南城浣溪街,是一片富人居住的街道。
锦官城很大,每个区域都有穷人,当然更有富人。
但是脱掉了衙门差服,一身普通穿着的林朝东怎么都没有想到,那个成天在香草食肆跟着许宴清当跑腿儿的少年,竟然会来到这片富人街,并且还一路畅通无阻的进入了一栋隐蔽的院子。
“浣溪街,这么一栋普通的院子,那这栋院子的主人肯定就非常不普通了!”
巷子一角,林朝东微微探出脑袋,看着那栋不起眼的院子紧闭起来的大门,眼里闪烁着思索的光芒,伸手摸向了腰间的一把铁尺。

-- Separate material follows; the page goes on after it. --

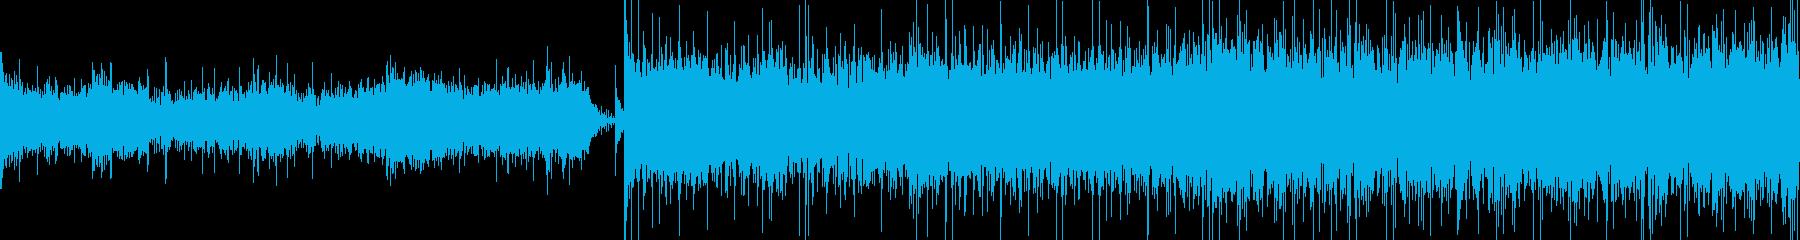 緊迫、奇襲シーン等向けのループ音源です。の再生済みの波形

“那伙人肯定是出事了,明明已经查到了不少案情,县令大人竟然要求我们不许再继续查下去……”
“这里面要是没有什么龌龊的勾当,谁信?”
一番喃喃低语,林朝东握紧了腰间米余长的铁尺,还有几分青涩的脸上只剩下了坚定之色。
“我知道良叔是为了我好,我更知道良叔从来都是个明白人。”
“就连良叔都叫我不要再插手这件事情,那就意味着,这件事情已经涉及到了某些大人物!”
“但是……大人物再大,那也是个人!”
“郝光单尧他们即便是该死,也应该被衙门押到菜市口斩示众,警醒世人!”
“而不是这样无声无息,好似从来没有出现过一般的消失!”
“律法不可废!人命大如天!”
……
“你还知不知道你的使命?”
“保护公子安危,不惜一切代价。”
“错了!”
那栋在浣溪结看上去十分普通的院子里面,此刻正有一老一少相对而立。
少年是罕见不在沈小小身边的忠奴。
而那个老人,则是满头灰,面容看上去十分的普通,仿佛往人堆里一看,就能找出四五张与之相似的脸庞一般。
“你的使命除了不惜一切代价,保护公子的安危之外,还要保证公子不受到任何侮辱!”
此时此刻,老人明明佝偻着腰身,却依旧散出一股居高临下的气势。
在他面前七步之外的忠奴,身量本就有些瘦小,此刻看上去更是低矮了几分。
“是你不愿意杀人么?”
“还是因为你的武功没练好?”
老人盯着忠奴的后脑勺,忽然之间抬手一挥,便见得一枚围棋黑子朝着忠奴的脑袋飞了过去。
“砰!”
黑子打在了忠奴身后的柱子上面,其力道之大,竟是直接没入了上等的精致木料之中。
而那颗黑子却没有半分裂痕。
原本应该站在那颗黑子前方的忠奴,却不知什么时候往旁边挪出去了一步,依旧低着头,双眼盯着地面,神态谦卑又恭敬。
“呵呵。”
老人看着这个用无声回答自己的少年,脸上扯出了一个笑容,只是那双深邃苍老的眼眸之中却充满了冷意。
“你的武功已经算是上乘了,即便是在宫闱之中,都称得上是佼佼者,否则的话,当初老夫也不会举荐了你!”
“所以,你不是武功没有练好,只是不想杀那两个人!”
一语落罢,老人的身影忽的腾空而起,竟是犹如黑色的猎豹一般扑向了始终低垂着脑袋的忠奴。
但是就在这个时候。
忠奴同样动了!
他没有多余的动作,只是双脚连点地面,瘦小的身躯不断朝着后方退去。
仔细看去,忠奴往后退出去的脚步,始终保证老人和他有着七步的距离!
两人犹如捕食者和被捕食者一般。
又仿佛猎豹和苍鹰。
兔起鹘落之间,便在这栋外表看上去不大,实际上却足有百十米方圆的院子里你进我退了足足几十个呼吸的功夫。